Re: ST 1300 Tire Recomendations...
Larry and I are going to have to disagree on this one. I'm going to make this my one comment on this subject to keep the thread hijack down to a minimum. If there's interest in discussing it further, I'll pull the valve-stem posts out into a separate thread.
But I would not allow a ERT diver whom I was going on a deep dive with to get in the water unless his equipment was serviced correctly and completely.
If you'd care to point me in the direction of what an aluminum valve stem manufacturer recommends as correct and complete service, I'll be more than happy to start following those directions. My stems came with an instruction sheet that didn't recommend any regular maintenance.
The stems I'm talking about here are the ones made by Bridgeport. They're aluminum, have an 83-degree angle, have a B stamped in a circle on the housing, are re-sold by Ariete and others and used as OEM parts by at least one European motorcycle manufacturer. There are knockoffs and other types that get most of their support from a rubber grommet that mounts in the hole in the wheel. The latter are worse than rubber stems. Not talking about either of those. If the Bridgeports had a high rate of failure (or
any significant rate of failure for that matter), they wouldn't be on my bike and I wouldn't be recommending them to others.
Since the topic is avoiding failure, let's look at where Bridgeport's design could go wrong from an engineering standpoint:
The primary egress for air is through the valve, which doesn't have centrifugal force trying to open it while the wheel is spinning because it's not installed radially. The valve seal is backed up by the rubber lining in the top of cap. The lining is backed up by the threads that mate the cap to the housing. If the valve fails, you're going to know it next time you remove the cap for a pressure check. If the valve
and the lining in the cap fail, the worst case is a very slow leak at the threads. That's the very worst case because the air in the tire will be exerting outward pressure on the cap, forcing the threads more tightly together. It would take a complete failure of all three to have a rapidly-deflating tire. If anything in that part of the stem is likely to fail and should be replaced regularly, it's the one part that gets removed and replaced regularly: the cap.

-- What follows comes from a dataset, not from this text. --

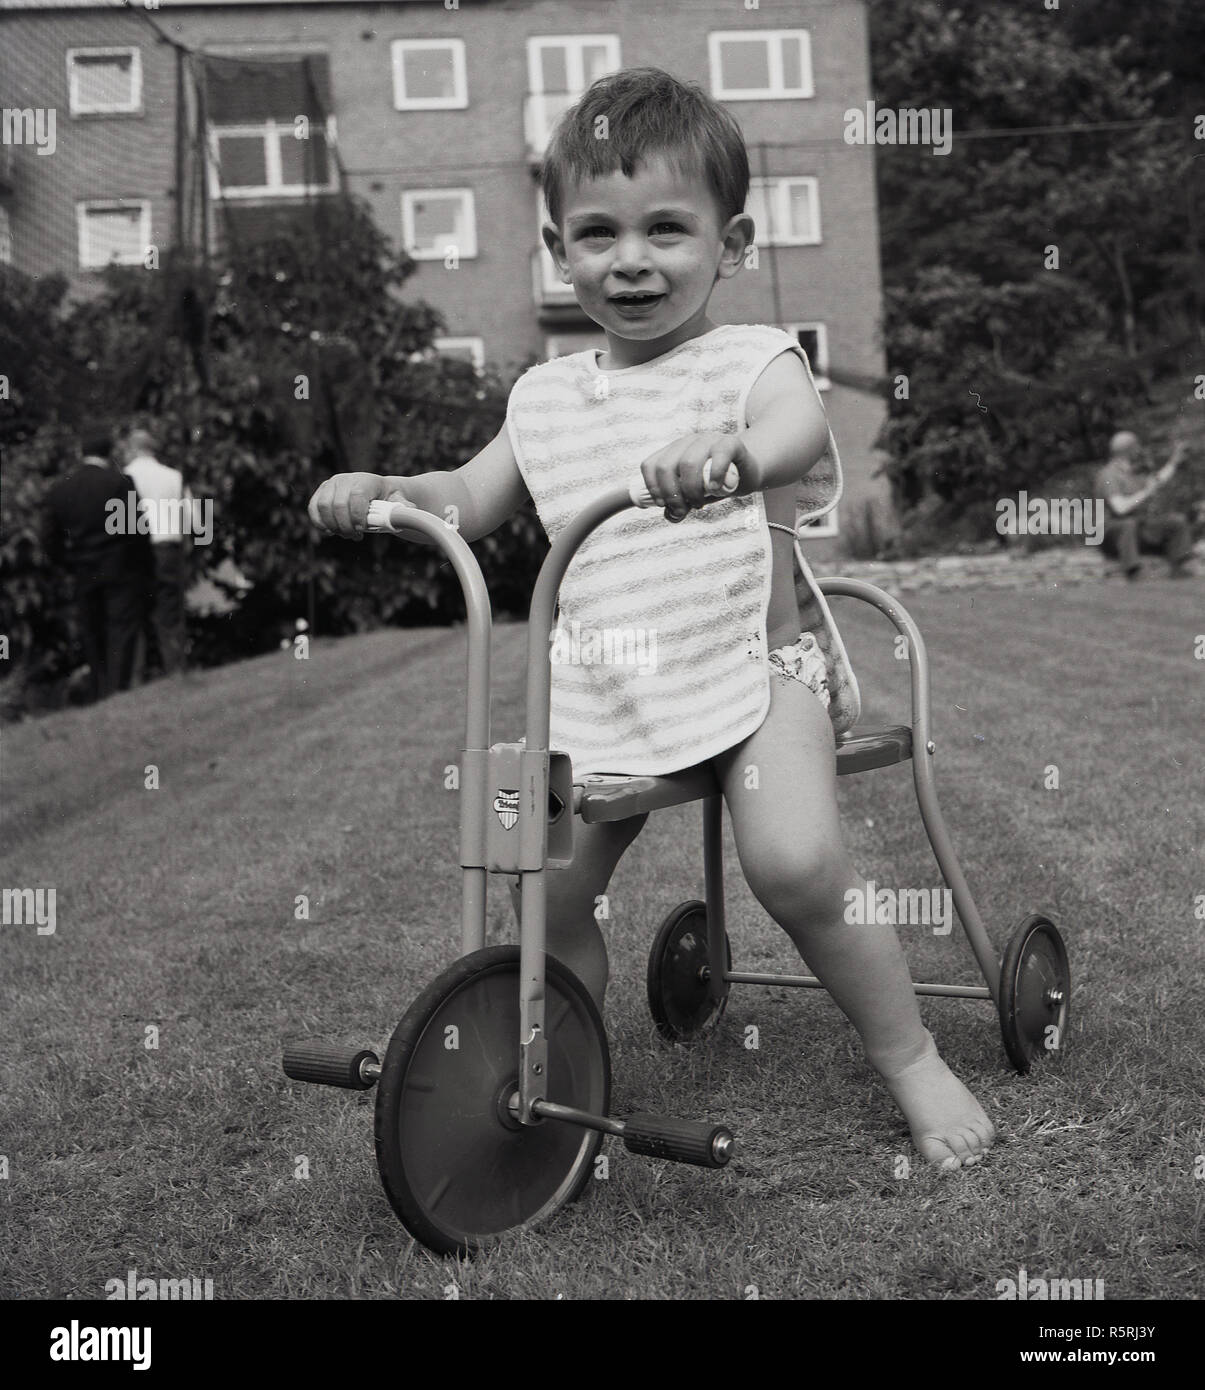 Années 1960, historique, un bébé garçon sur un tour-sur-métal produits tricycle sur une pelouse à l'extérieur d'un bloc d'appartements, England, UK. Tricycles ou trikes aider les enfants avec l'apprentissage de l'équilibre et la coordination. Banque D'Images
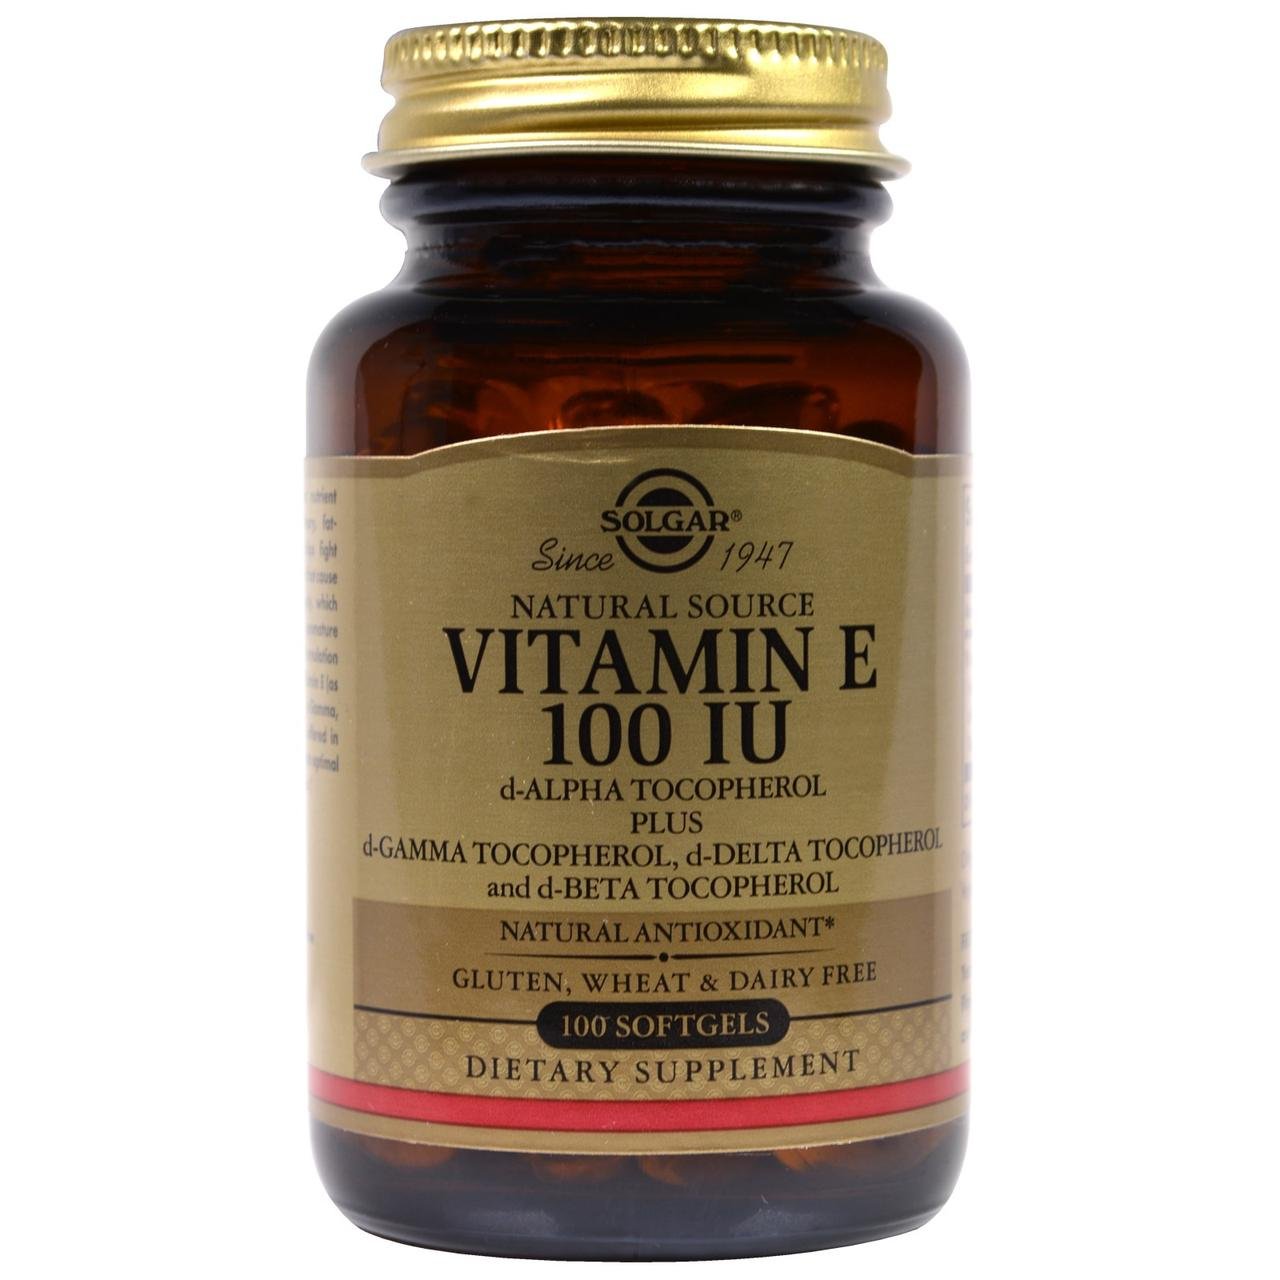 Solgar Natural Vitamin E 100 IU 100 Softgels,  мл, Solgar. Витамин E. Поддержание здоровья Антиоксидантные свойства

The other way for air to get out is through the joint between the valve and the wheel. The first line of defense is the nut on the inside of the wheel. Torqued properly, that's not going anywhere, and whatever could get past it would amount to a slow leak. There's also a tiny gap between the housing and the hole in the wheel. Again, slow leak at worst. That's backed up by the O ring in question which, in addition to the pull from the nut on the inside of the wheel, is pressed into place by centrifugal force when the wheel is spinning. The side of the ring that has to fend off air leaks isn't exposed to the elements at all and the other side, which is, isn't exposed very much at all. That leaves an awful lot of material to disappear before the seal would be compromised. Unless the ring completely disintegrates and disappears, we're still in slow leak territory, and that's at worst.
Having said all that, if you've got Bridgeport stems that failed after proper installation, I'd really like to see them and hear your opinion of the cause.
Why would you NOT replace something that you know is a possible failure point, and is so simple and cheap to replace?
Because if it ain't broke, doesn't have a track record of breaking and hasn't been declared a wear item by someone who spent a few hours slaving over a hot drawing board to make that recommendation, it gets left alone. I installed these stems in part because they lack the vulnerabilities that make rubber stems need regular replacement and can't find a good reason to disturb a joint with a known-good seal on it, especially if there's the risk of making a mistake selecting or installing the replacement.
The condition of the failure point you're concerned about is easily checked any time you want with the tire on the bike and under full pressure by giving it a squirt of soapy water.